EXERCISE DESCRIPTION >> Whenever a line below includes the word "grey", copy that line.

Dataset entries
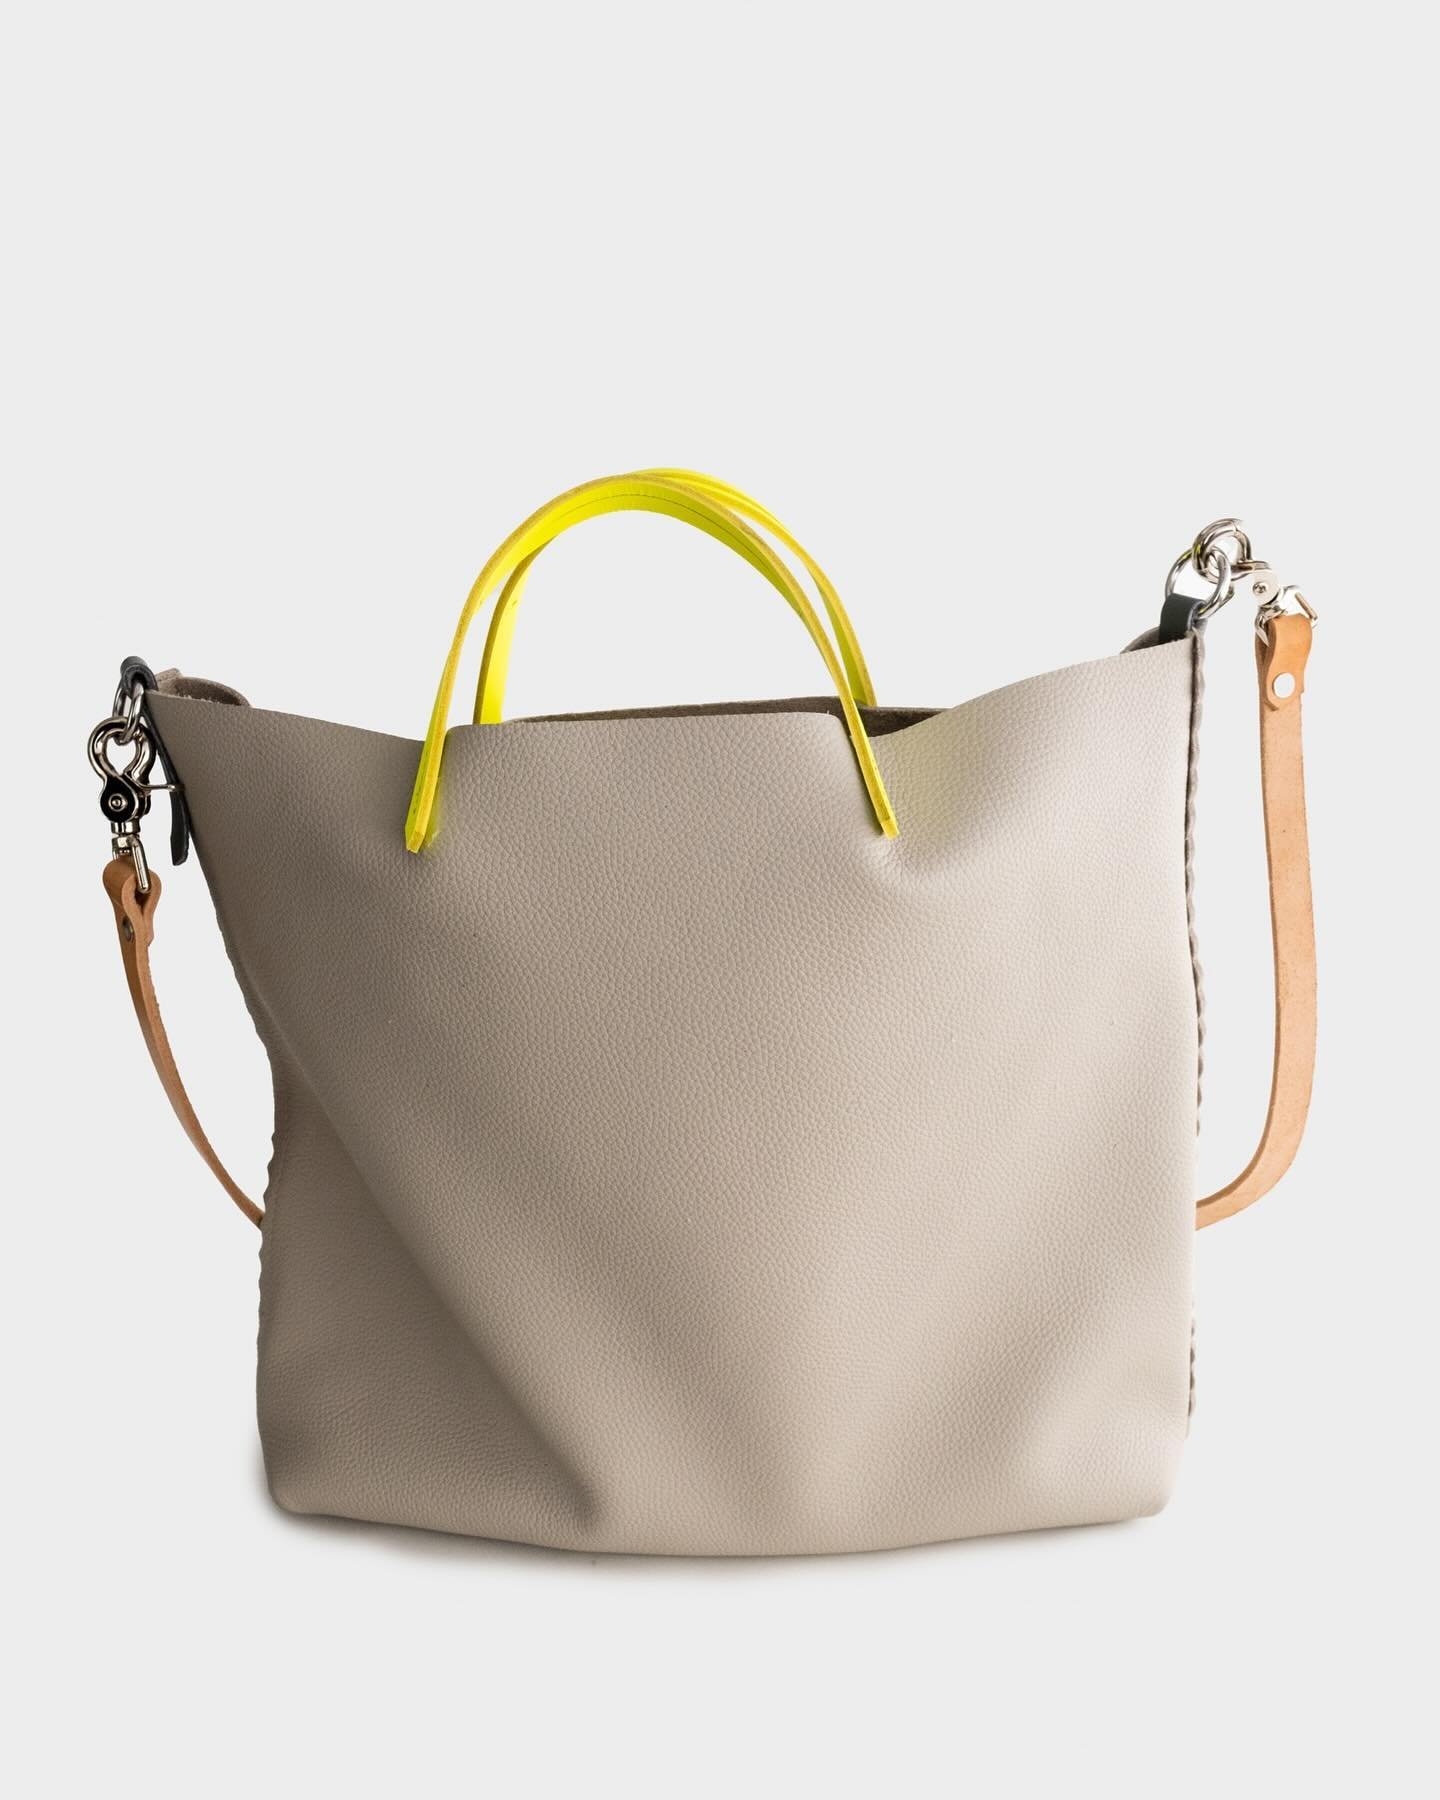 Not too light, not too dark- 
Light grey is the Goldilocks of hues. 
Limited edition, Italian milled Louche Tote in dove grey with neon leather handles is available on the website ⬆️
.
Booking Spring Trunk shows now! DM to enquire 💥
.
.
#trunkshows

WRITTEN SOLUTION >>
Light grey is the Goldilocks of hues. 
Limited edition, Italian milled Louche Tote in dove grey with neon leather handles is available on the website ⬆️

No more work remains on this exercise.